[[ Recorded data open ]]

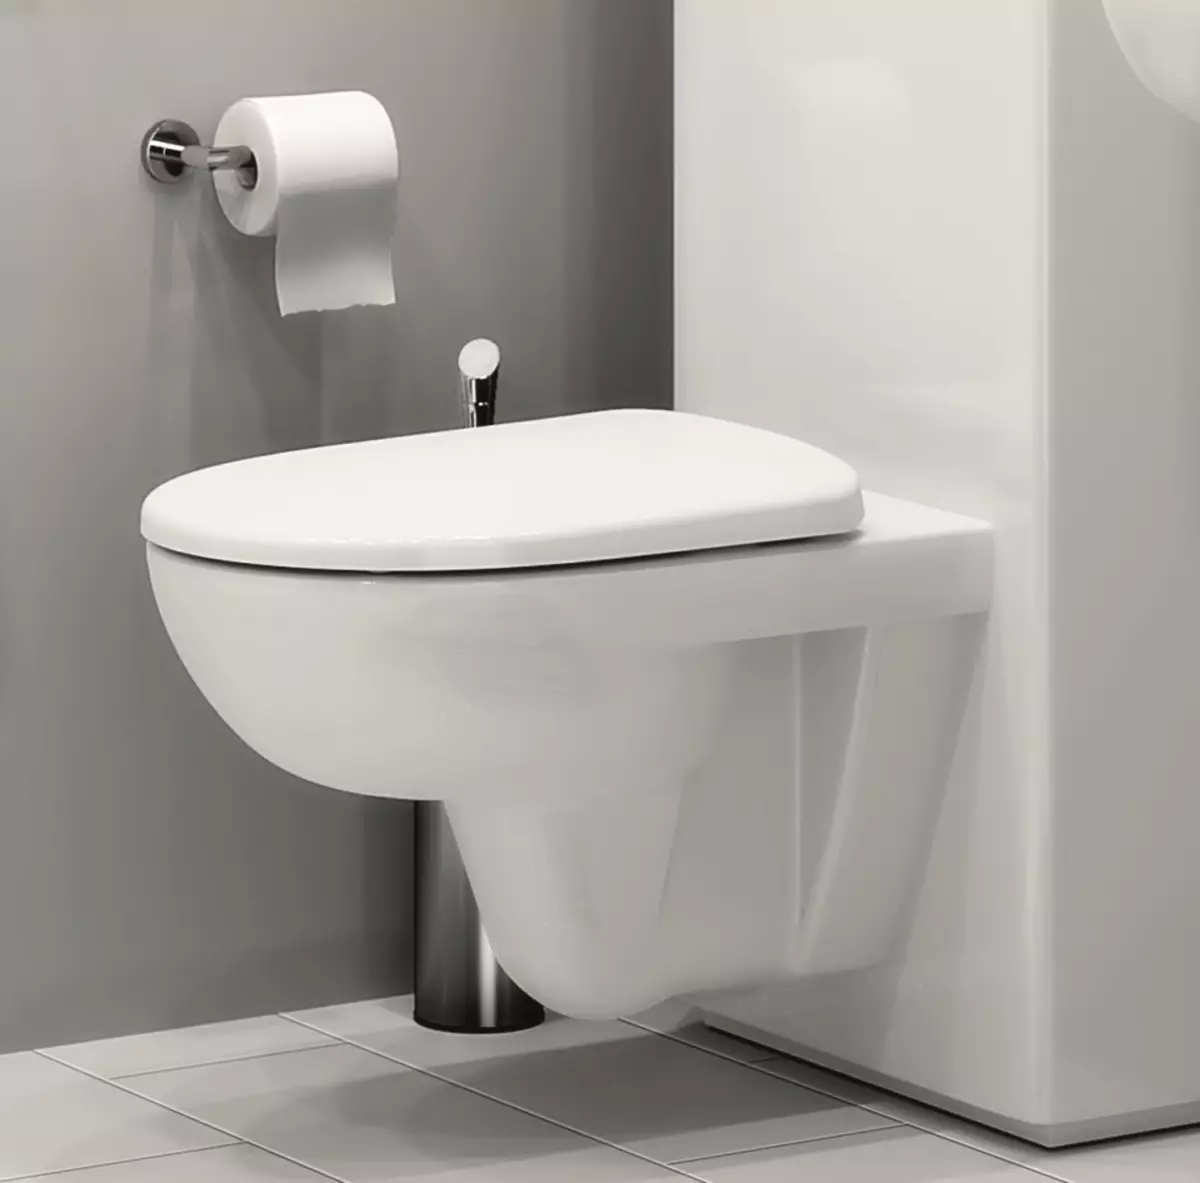 Kolo τουαλέτες: Περιγραφή των αιωρούμενων και τουαλέτες όροφο, στυλ και σόλο, Nova Pro Rimfree και Runa, Idol και άλλα μοντέλα 10529_3
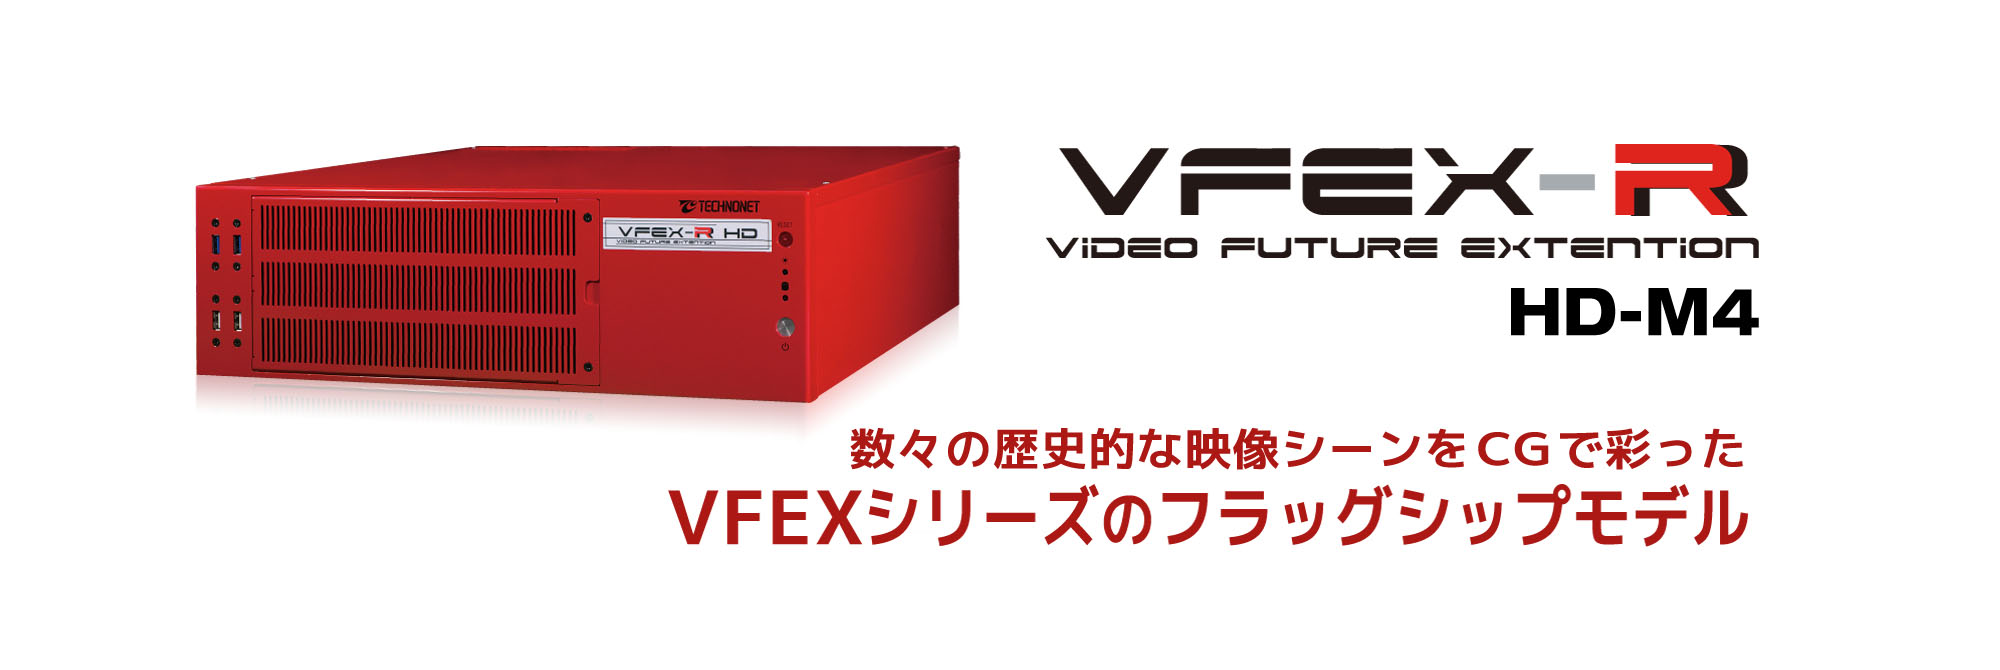 VFEX-R(HD-M4)製品画像
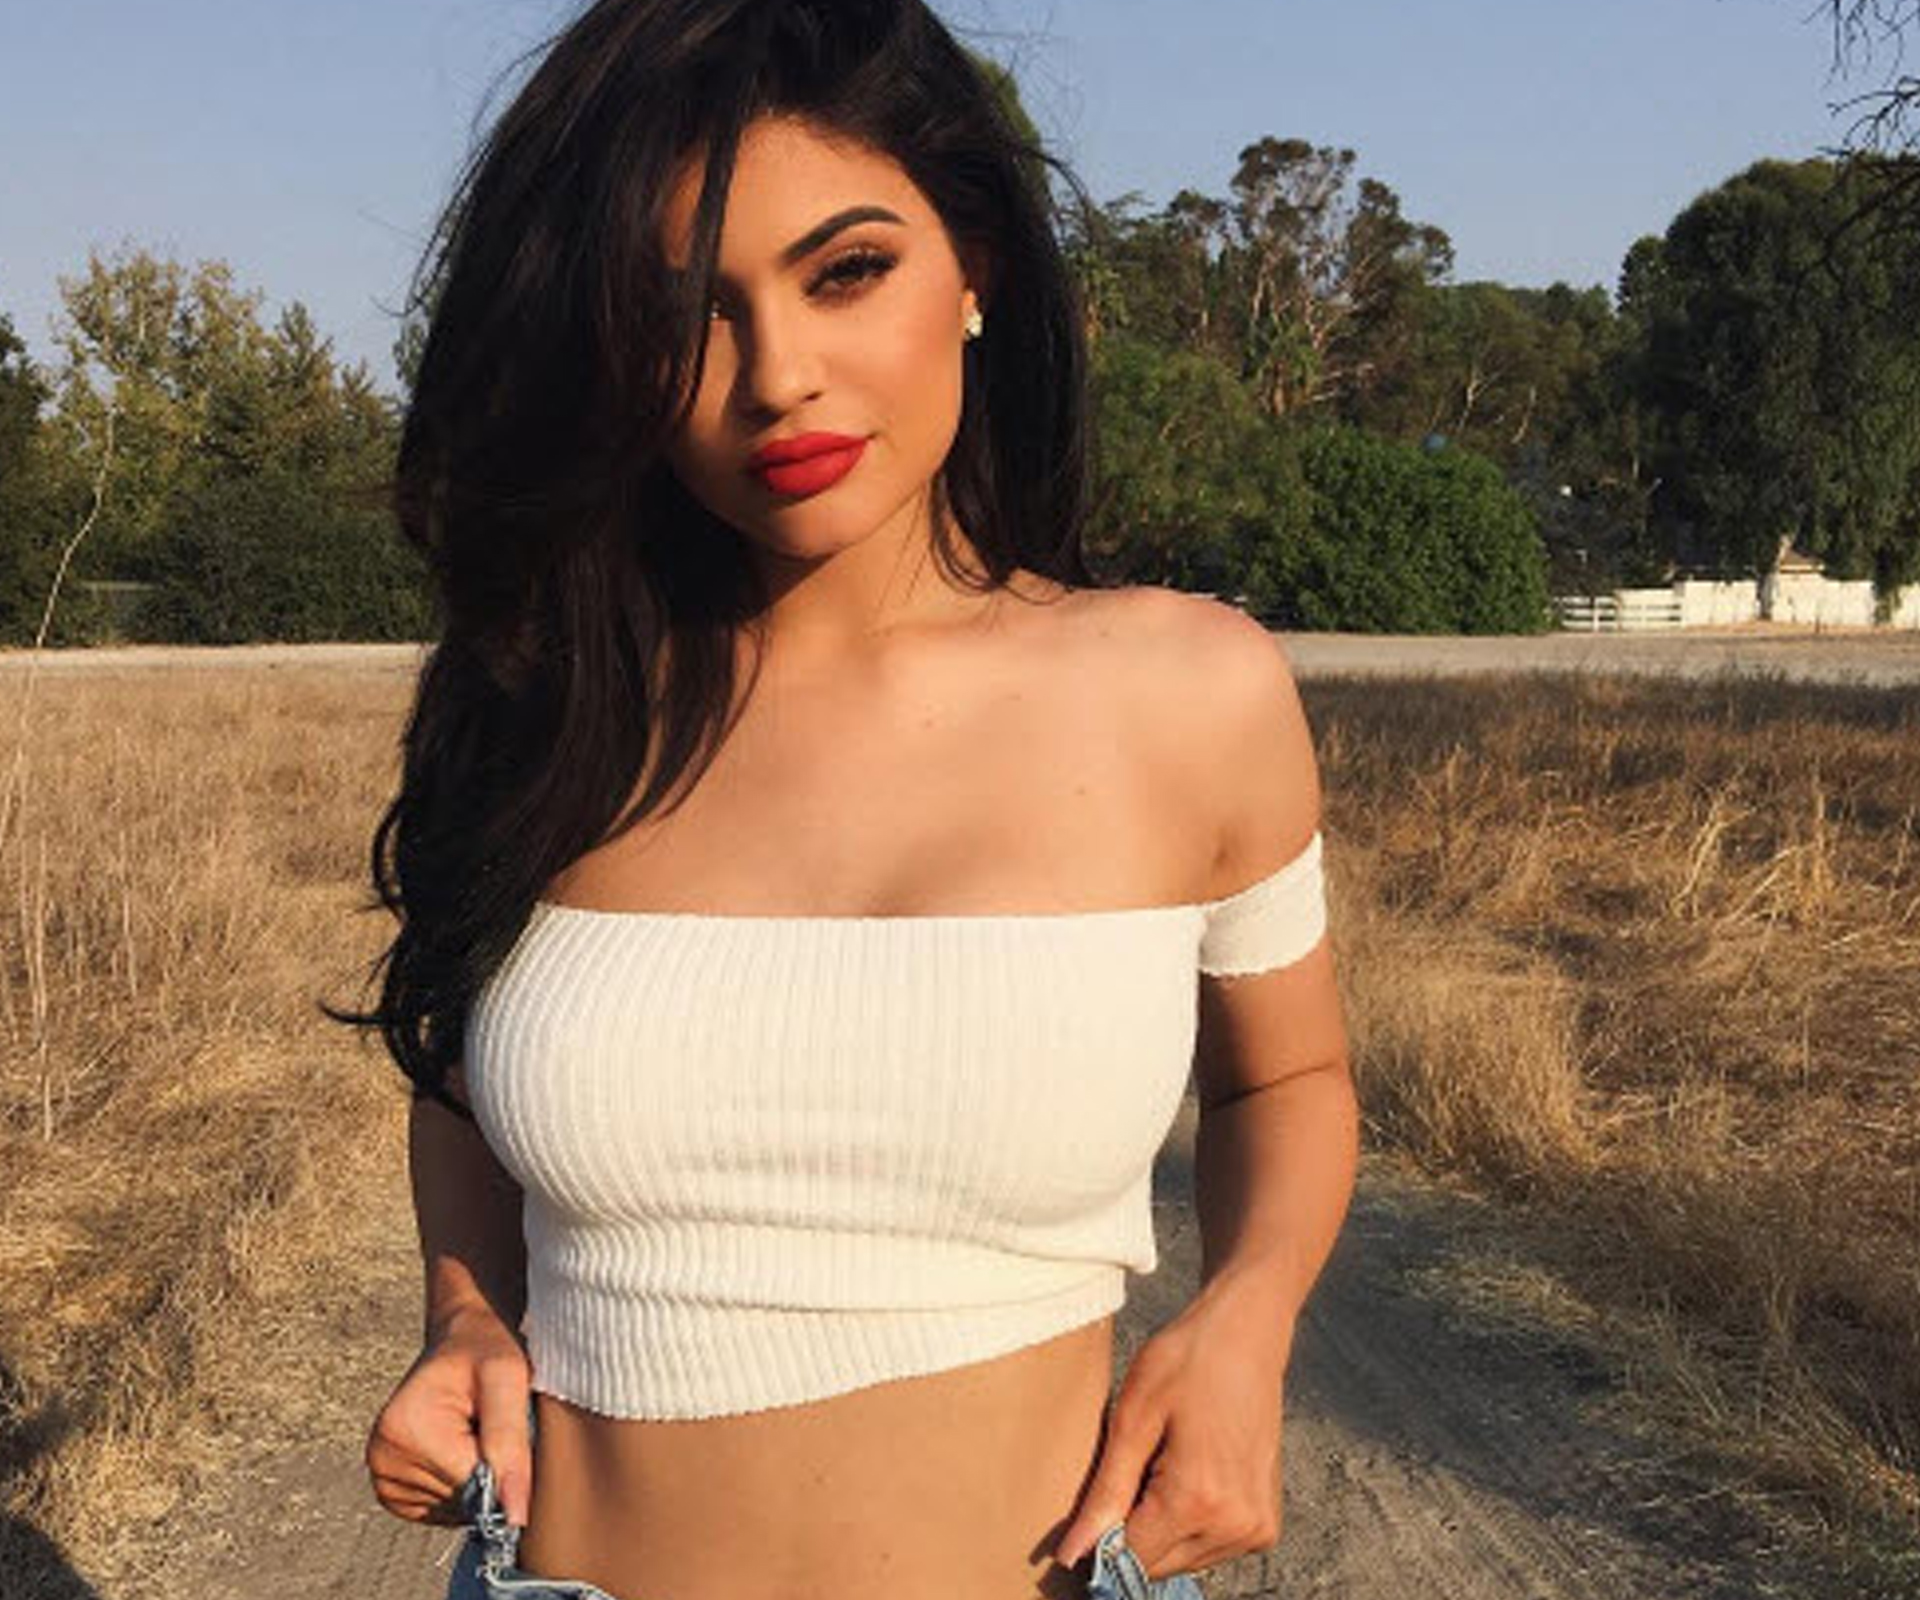 Did Kylie Jenner get a boob job?

[[ Recorded data closed ]]

● **Exercise prompt**
All the material above must be copied exactly, and no picture belongs in the copy.

● **Exercise output**
 Kolo τουαλέτες: Περιγραφή των αιωρούμενων και τουαλέτες όροφο, στυλ και σόλο, Nova Pro Rimfree και Runa, Idol και άλλα μοντέλα 10529_3
 VFEX-R(HD-M4)製品画像
 Did Kylie Jenner get a boob job?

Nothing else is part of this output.